Ася поймала себя на мысли, что с беззаботным легкомыслием думает о том, что в течение пяти лет было для нее пределом гневного возмущения и укоренившегося стыда. Мало того, ей очень нравилось кричать на Ваню, злиться. Она забывала о сдержанности и минимальной этике. И еще ей нравилась его реакция — этакий робкий теленок, пойманный за провинности. Со всем соглашается, сам боится слово поперек молвить.

Но больше всего страшило собственное состояние. Ася окончательно заплутала в своих ощущениях. Ей одновременно хотелось и смеяться, и рыдать; нагрубить, обидеть и слезно пожаловаться; оттолкнуть, ударить и прижаться каждой клеточкой, влиться в него душой.

«Господи! — вздохнула Ася. — Совсем спятила на нервной почве.

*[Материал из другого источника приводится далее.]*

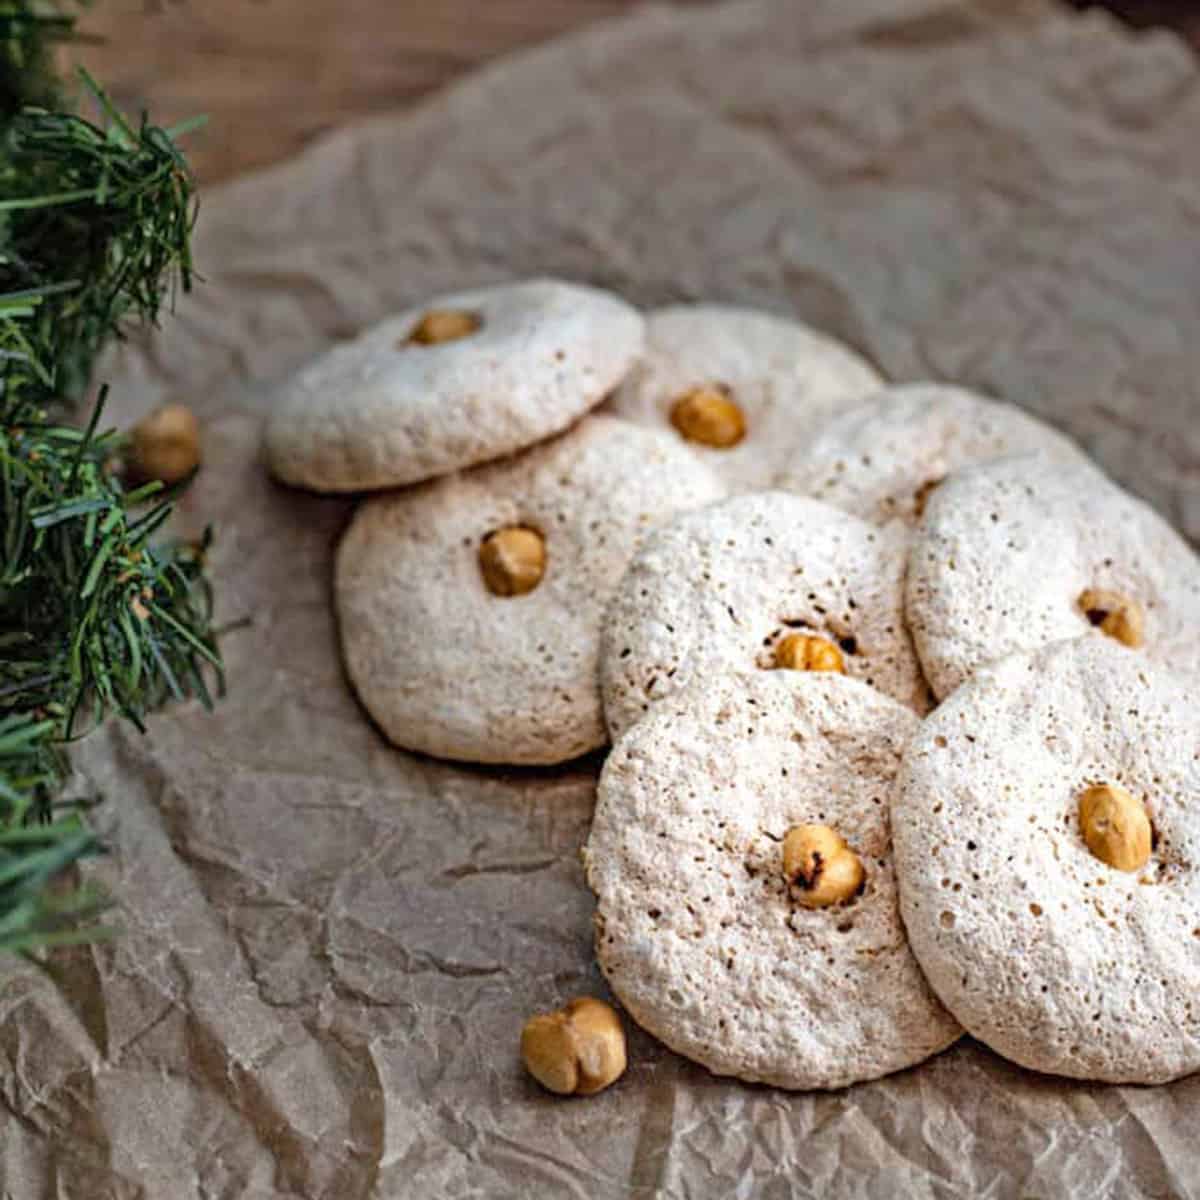 A group of round cookies with hazelnuts in the center.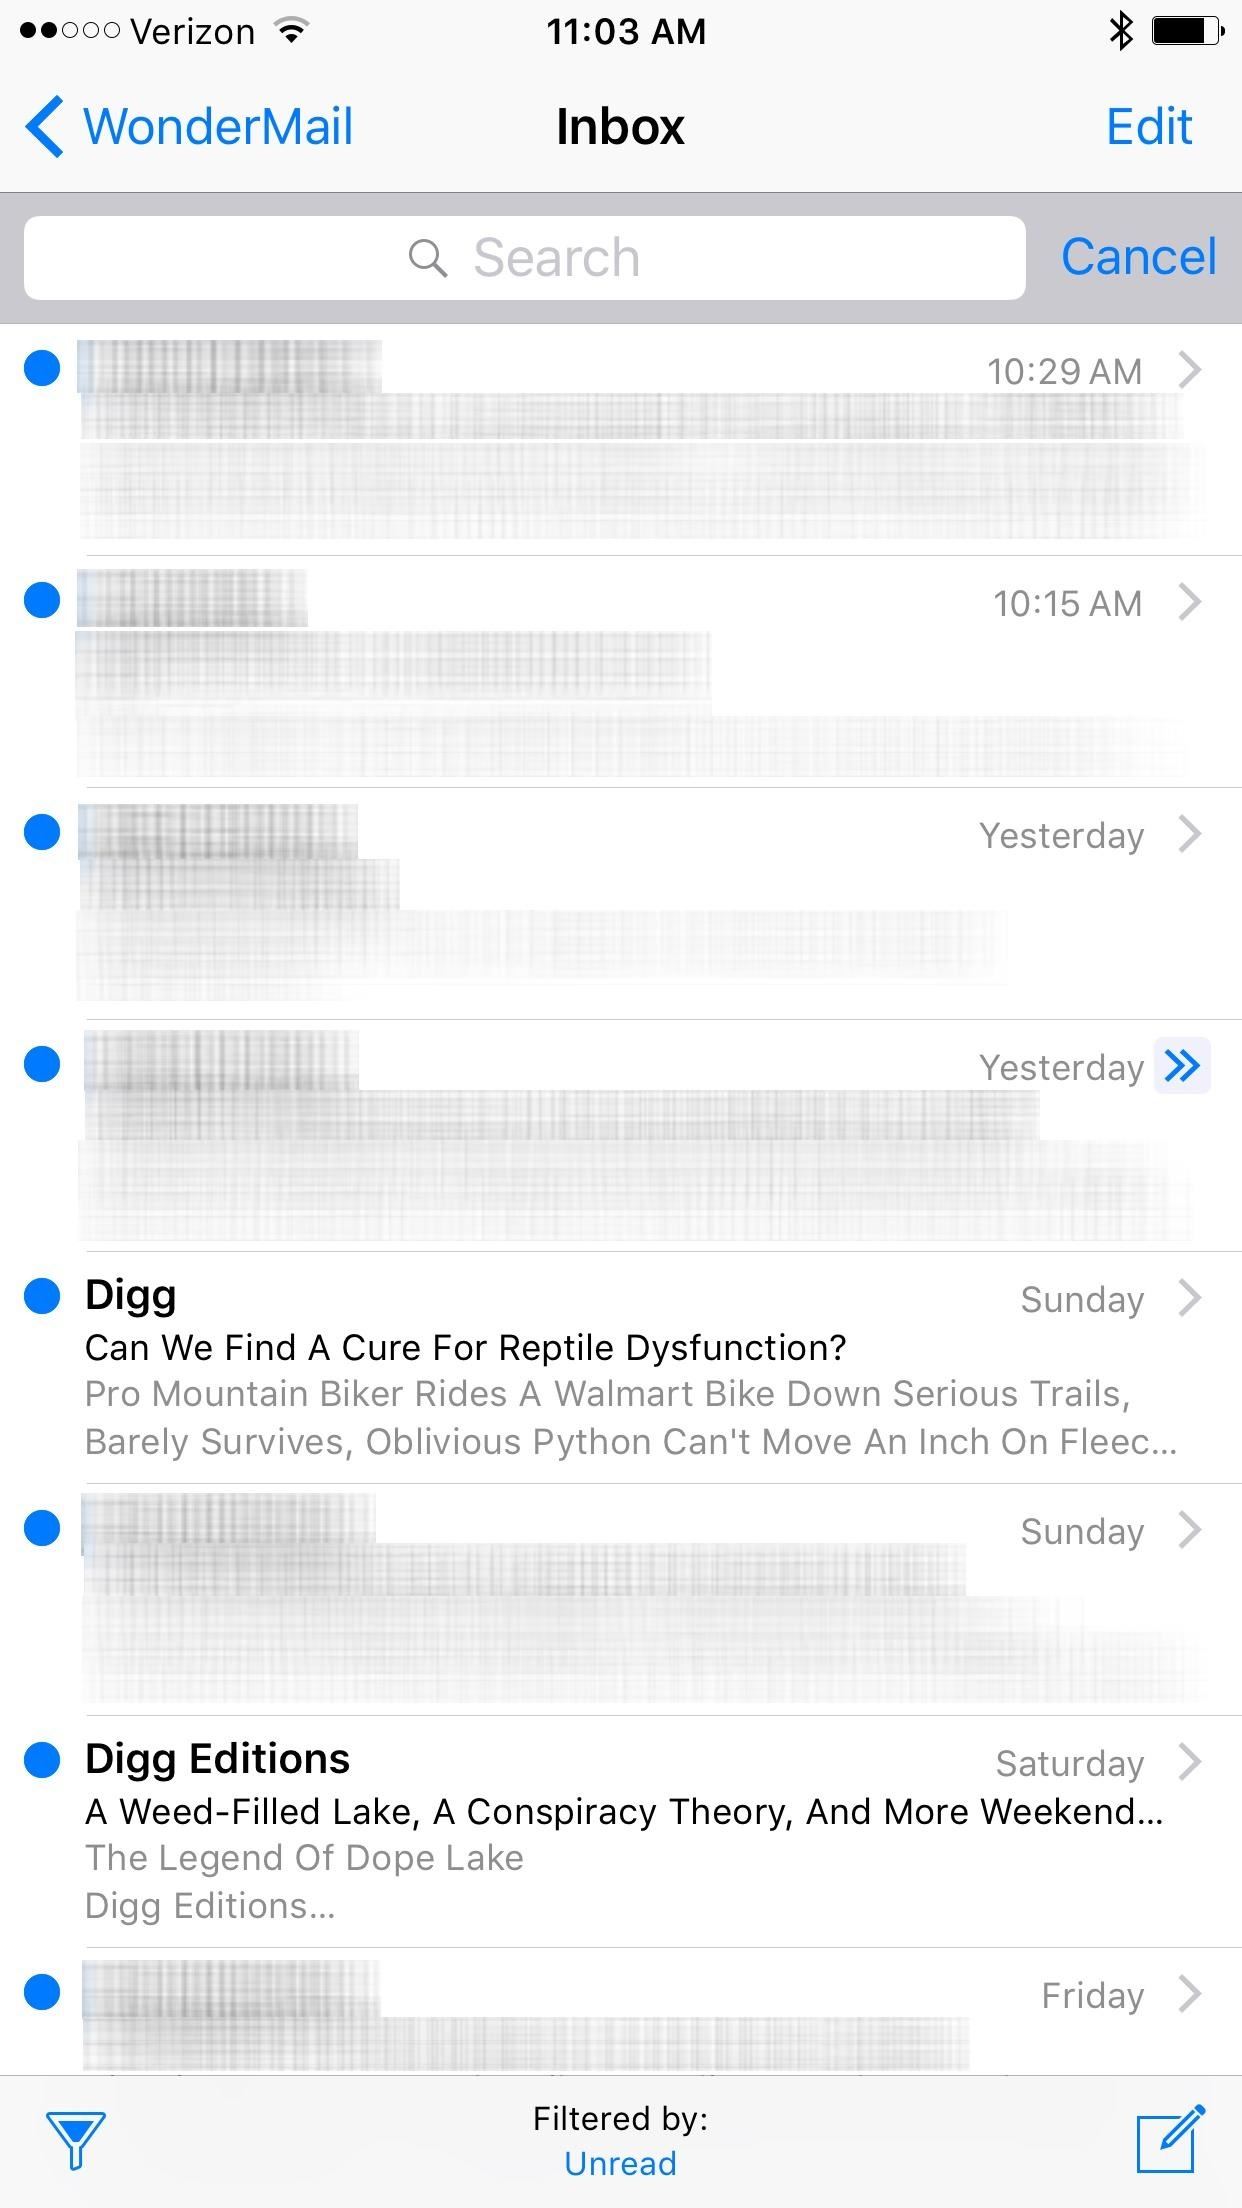 See Only Emails with Attachments Using This Secret iPhone Mail Trick

Все-таки два мужика за один вечер — это слишком. Надо же, судьба! Два мужа донны Флор, вернее донны Елены, и оба бывшие любовники донны Аси». Мелькнувшее воспоминание о Юлике не затронуло ни единой струны, словно речь шла о незнакомце, что приятно и не без тени торжества удивило Асю.

Непонятно было другое: сколько можно мазать одну ладонь? За это время можно обмазать всю квартиру тонким слоем. Вооружившись новым запалом воинственности, Ася вышла из кухни.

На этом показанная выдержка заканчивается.